Three important computer design features are reliability, availability, and serviceability (RAS). The RAS features help to ensure the integrity of the data that is stored in the server, the availability of the server when you need it, and the ease with which you can diagnose and correct problems.

Your server has the following RAS features:
  • 3-year parts and 3-year labor limited warranty
  • 24-hour support center
  • Automatic error retry and recovery
  • Automatic restart on nonmaskable interrupt (NMI)
  • Automatic restart after a power failure
  • Backup Unified Extensible Firmware Interface (UEFI) switching under the control of the integrated management module II
  • Built-in monitoring for fan, power, temperature, voltage, and power-supply redundancy
  • Cable-presence detection on most connectors
  • Chipkill memory protection
  • Single-device data correction (SDDC) for x4 DRAM technology DIMMs. Ensures that data is available on a single x4 DRAM DIMM after a hard failure of up to two DRAM DIMMs.
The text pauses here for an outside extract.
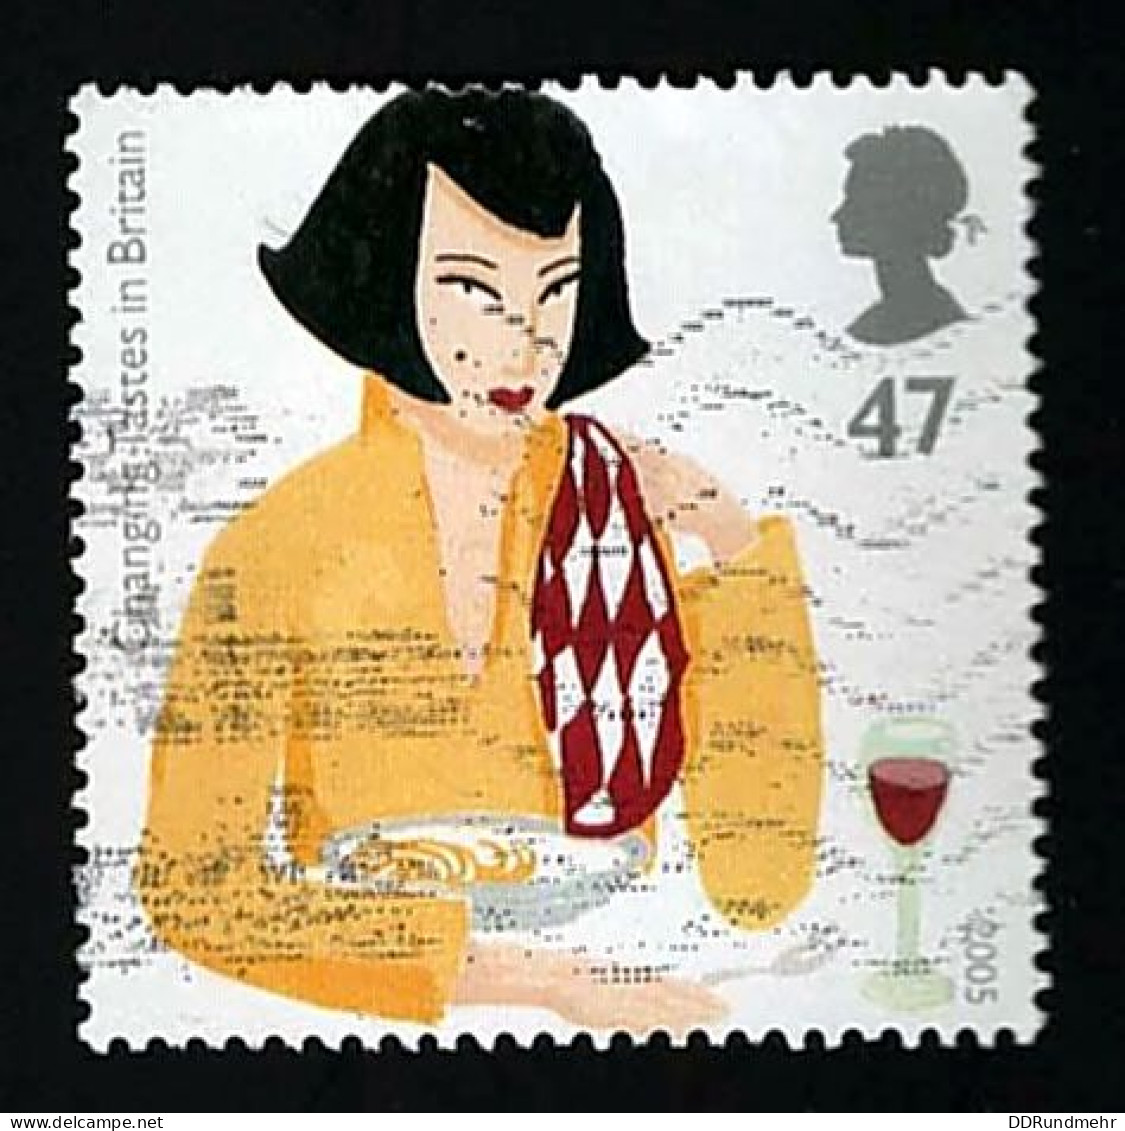 2005 Gastronomy  Michel GB 2329 Stamp Number GB 2305 Yvert Et Tellier GB 2675 Stanley Gibbons GB 2558 Used - Used Stamps

One x4 DRAM DIMM in each rank is reserved as a space device.
  • Diagnostic support for ServeRAID and Ethernet adapters
  • Error codes and messages
  • Error correcting code (ECC) L3 cache and system memory
  • Full Array Memory Mirroring (FAMM) redundancy
  • Hot-swap cooling fans with speed-sensing capability
  • Hot-swap hard disk drives
  • Hot-swap power supplies
  • Information and light path diagnostics LED panels
  • Integrated management module II
  • Light path diagnostics LEDs for DIMMs, microprocessors, hard disk drives, solid state drives, power supplies, and fans
  • Memory mirroring and memory sparing support
  • Memory error correcting code and parity test
  • Memory downsizing (non-mirrored memory). After a restart of the server after the memory controller detects a non-mirrored uncorrectable error and the memory controller cannot recover operationally, the IMM logs the uncorrectable error and informs the power-on self-test. The power-on self-test logically maps out the memory with the uncorrectable error, and the server restarts with the remaining installed memory.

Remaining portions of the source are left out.